Statistical Concepts Flashcards
Orderable versus nonorderable
Nonorderable variable: A discrete measure in which the sequence of categories cannot be meaningfully ordered
Orderable discrete variable: A discrete measure that can be meaningfully arranged into an ascending or descending sequence
Discrete versus continuous
Discrete variable: A variable that classifies persons, objects, or events according to the kind or quality of their attribute
Dichotomous variable: A discrete measure with two categories that may or may not be ordered (two MECE categories like “male” and “female”)
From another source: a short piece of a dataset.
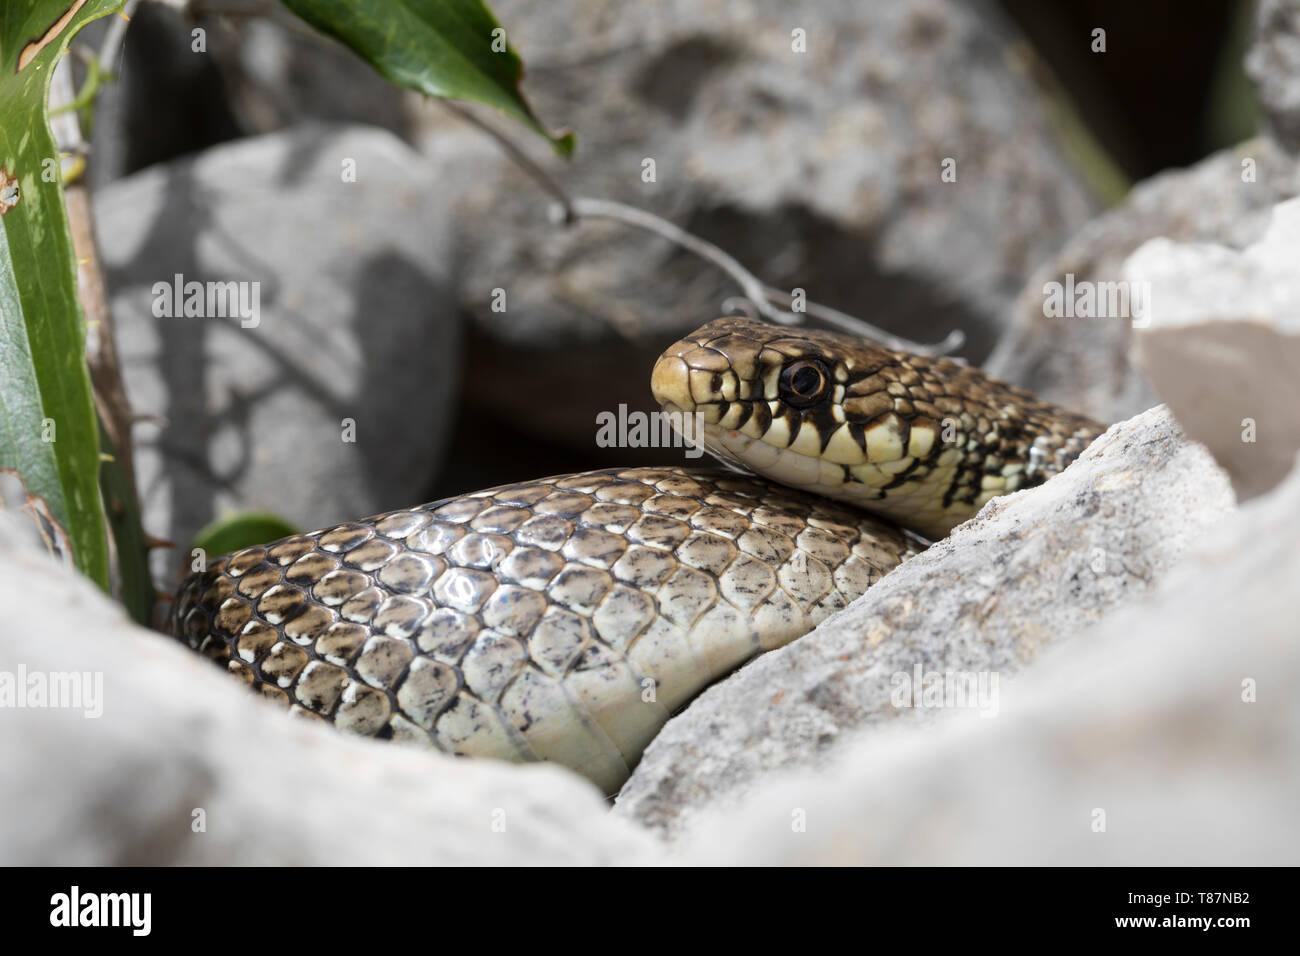 Balkan-Zornnatter, Balkanzornnatter, Zornnatter, Hierophis gemonensis, Coluber gemonensis, Balkan whip snake, couleuvre des Balkans - Stock Image

Continuous variable: A variable that, in theory, can take on all possible numerical values in a given interval (slightly counterintuitive examples: age, years at school, number of children born, occupational prestige, annual earned income)
Dichotomous variable
Discrete variables with directionality, as it an always be coded as 0 or 1. Example: Disability status.
Nominal variable
Discrete variables with no clear ordering. Example: Nationality.
Ordinal variable
Discrete variables that have a clear ordering to them. Example: Satisfaction.
Interval variable
Continuous variables where the distance between levels is equal. Yet they do not have meaningful zero points; for example, 80 degrees farenheit is not twice 40 degrees farenheit.
Ratio variable
Continuous variables where the distance between levels is equal and they DO have meaningful zero points; for example, 25 pounds is 5 times as heavy as 5 pounds.
Manifest variable
A variable that can be observed (opposite of latent)
Latent variable
A variable that cannot be observed and can only be measured indirectly (e.g., degree of centralization in decision making; inclusivity of company culture); opposite of manifest
Status variable
A variable whose outcome cannot be manipulated, like race or gender (often treated as independent variables nevertheless)
Predictor variable
A variable that has an antecedent or potentially causal role, usually appearing first in hypotheses
Outcome variable
A variable that has an affected role in relation to the predictor variable; in other words, the values taken on by the outcome variable depend on the predictor variable
Recoding
The process of changing the codes established for a variable; this could either be grouping values together, or winnowing down the number of groups.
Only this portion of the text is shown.